Network Monitoring: Ensuring Optimal Network Health and Performance

Network monitoring has evolved from its humble beginnings as a basic troubleshooting tool utilizing Internet Protocol (IP) to a sophisticated system essential for maintaining optimal network health and performance. Understanding and managing their complexities becomes crucial as networks grow in complexity due to digital transformation, IoT, cloud migration, and Software as a Service (SaaS) platforms. This article provides an overview of network monitoring, highlighting its significance, techniques, challenges, and future.

What is Network Monitoring?

Network monitoring is the systematic oversight of a computer network’s health and performance. Using specialized software or services, it proactively detects issues like slow traffic and component failures. Analyzing real-time network data helps administrators pinpoint potential problems, ensuring optimal network operation.
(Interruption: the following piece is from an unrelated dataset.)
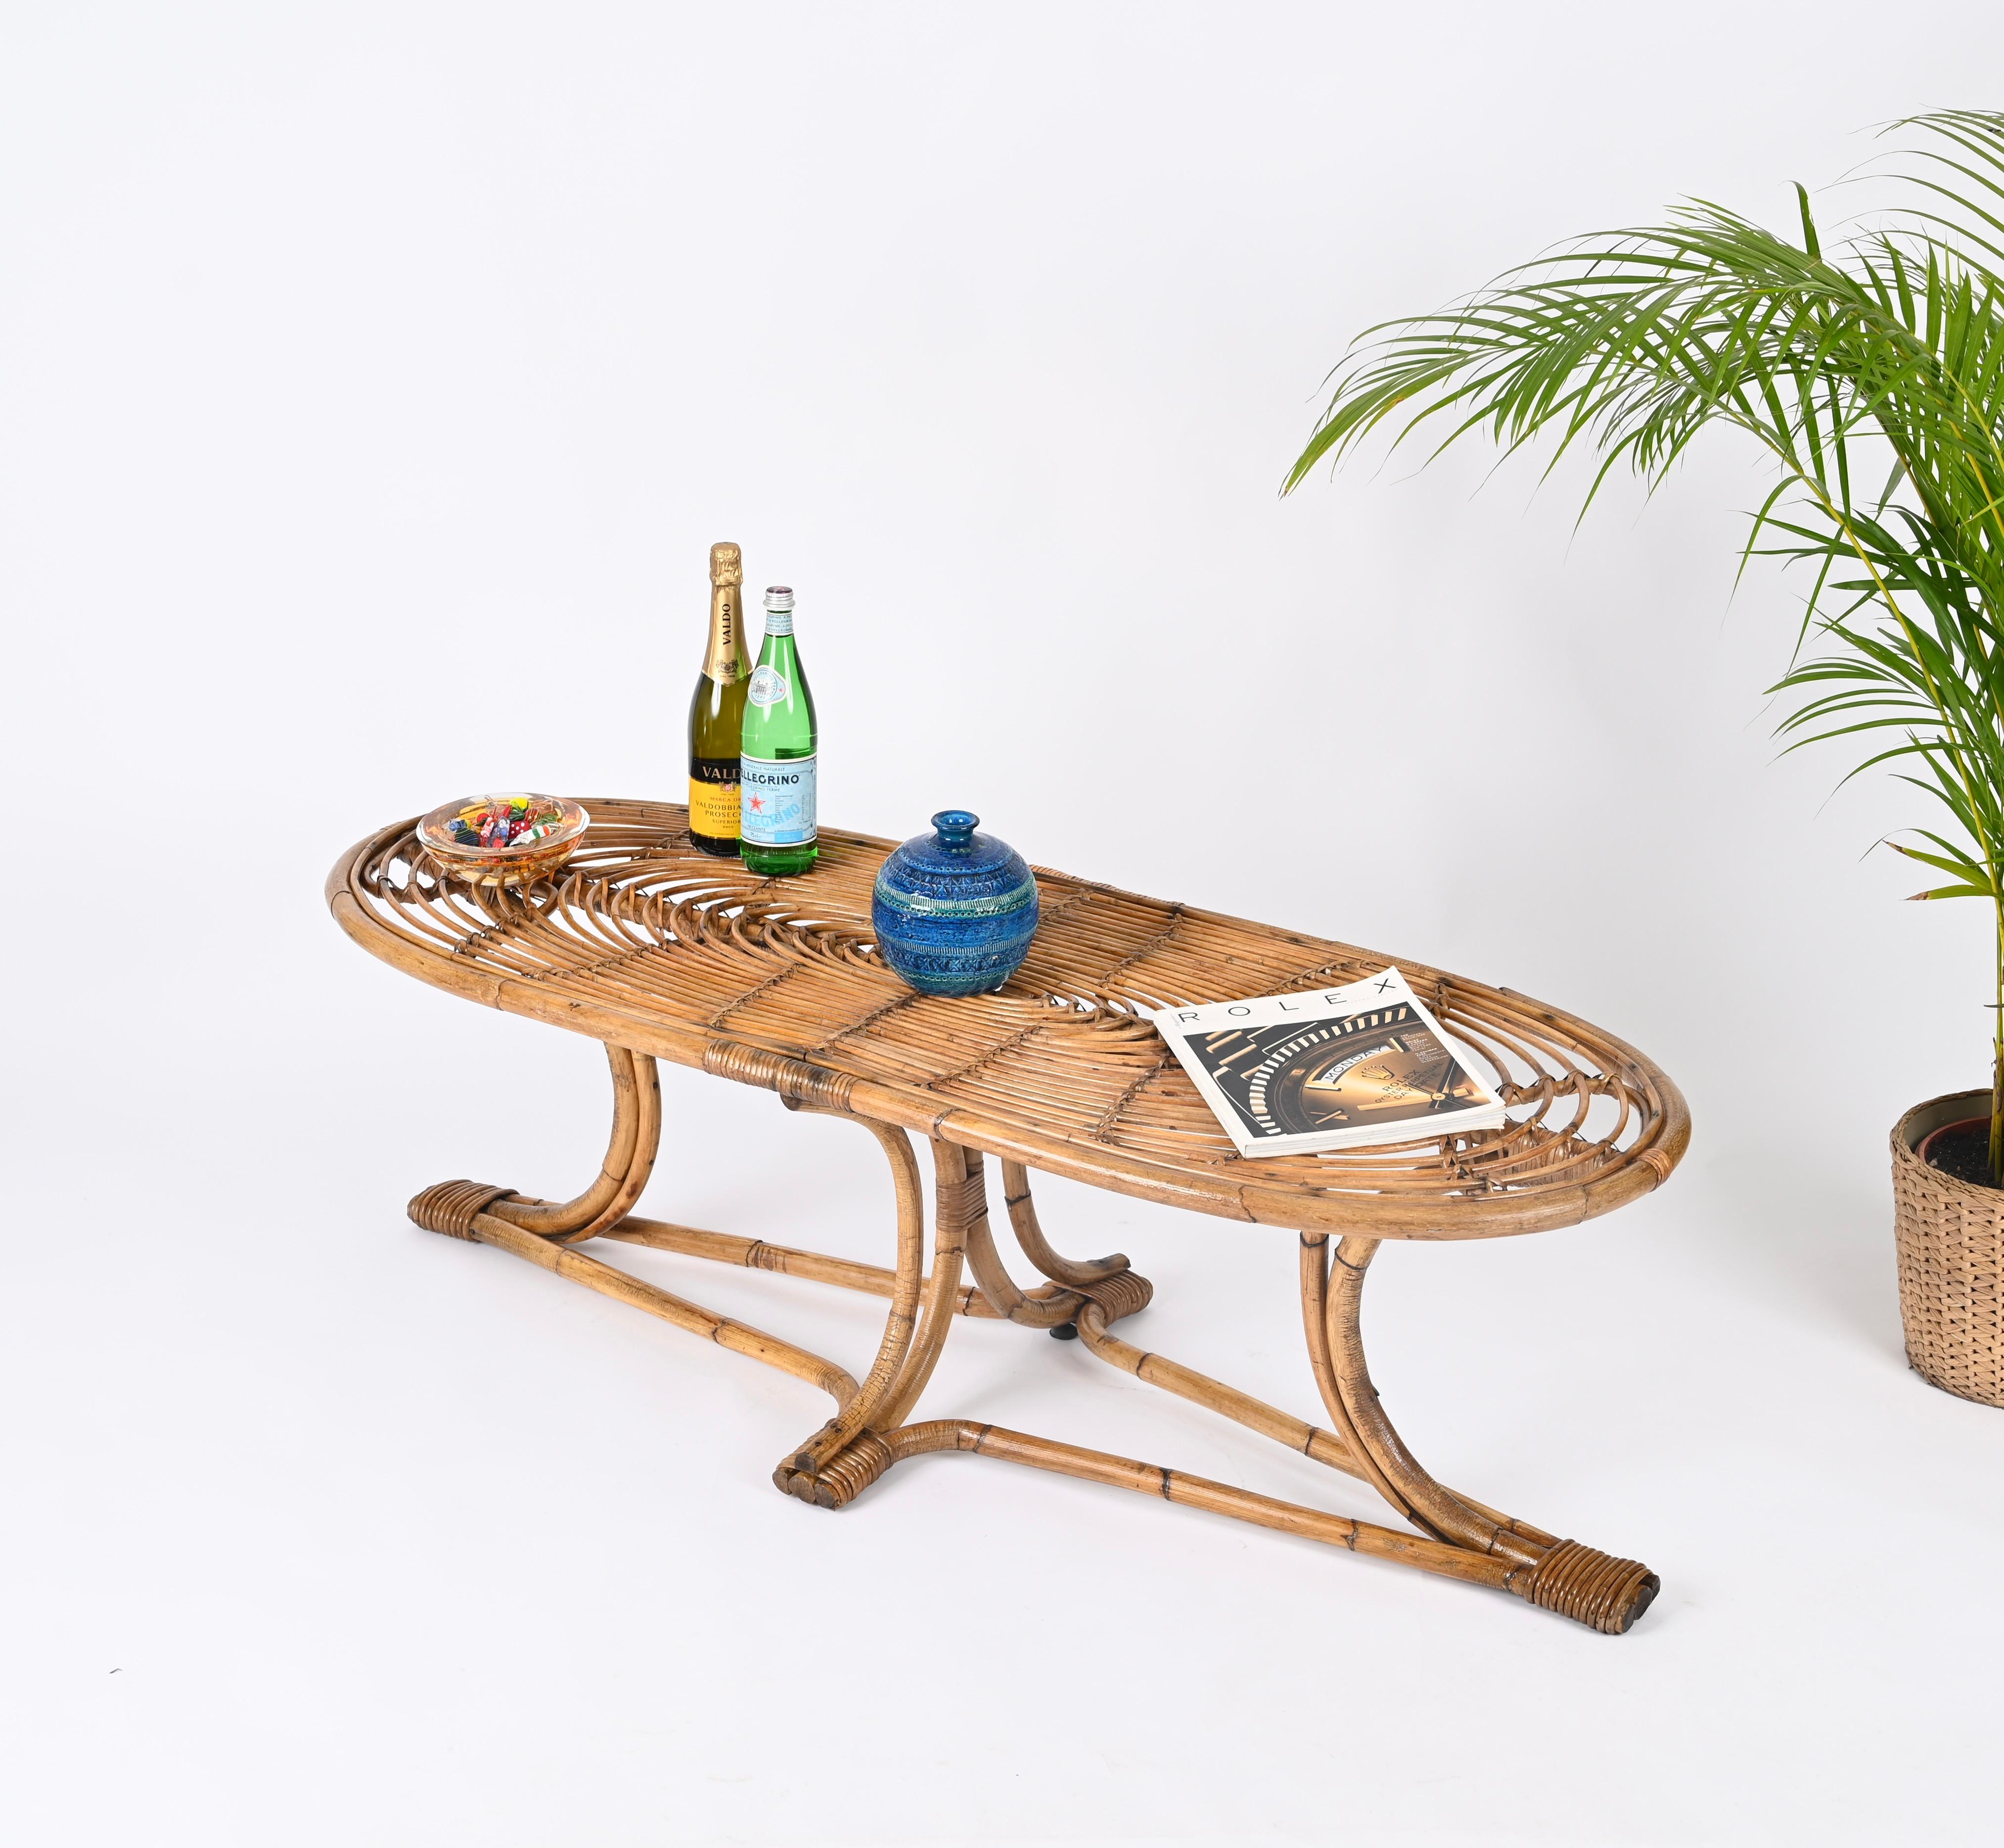 Marvellous large coffee table fully made in curved bamboo, rattan and hand-woven wicker. This fantastic and unique piece was realized in Italy during the 1970s. 

The table features a stunning base with four legs in curved bamboo kept together by

Beyond offering immediate alerts, comprehensive network monitoring tools provide an overview of the network’s topology and interconnected components. These visualizations, including the flow of packets and NetFlow data, help network administrators make timely interventions and data-driven decisions to improve network reliability and efficiency.

The Evolution of Network Monitoring

The concept of network monitoring isn’t new. Early networks used basic tools like the ping command, which operates on the Internet Control Message Protocol (ICMP), to check the reachability of devices. However, as networks grew in size and complexity, so did the tools designed to monitor them, incorporating technologies like SNMP (Simple Network Management Protocol), NetFlow, and IPFIX.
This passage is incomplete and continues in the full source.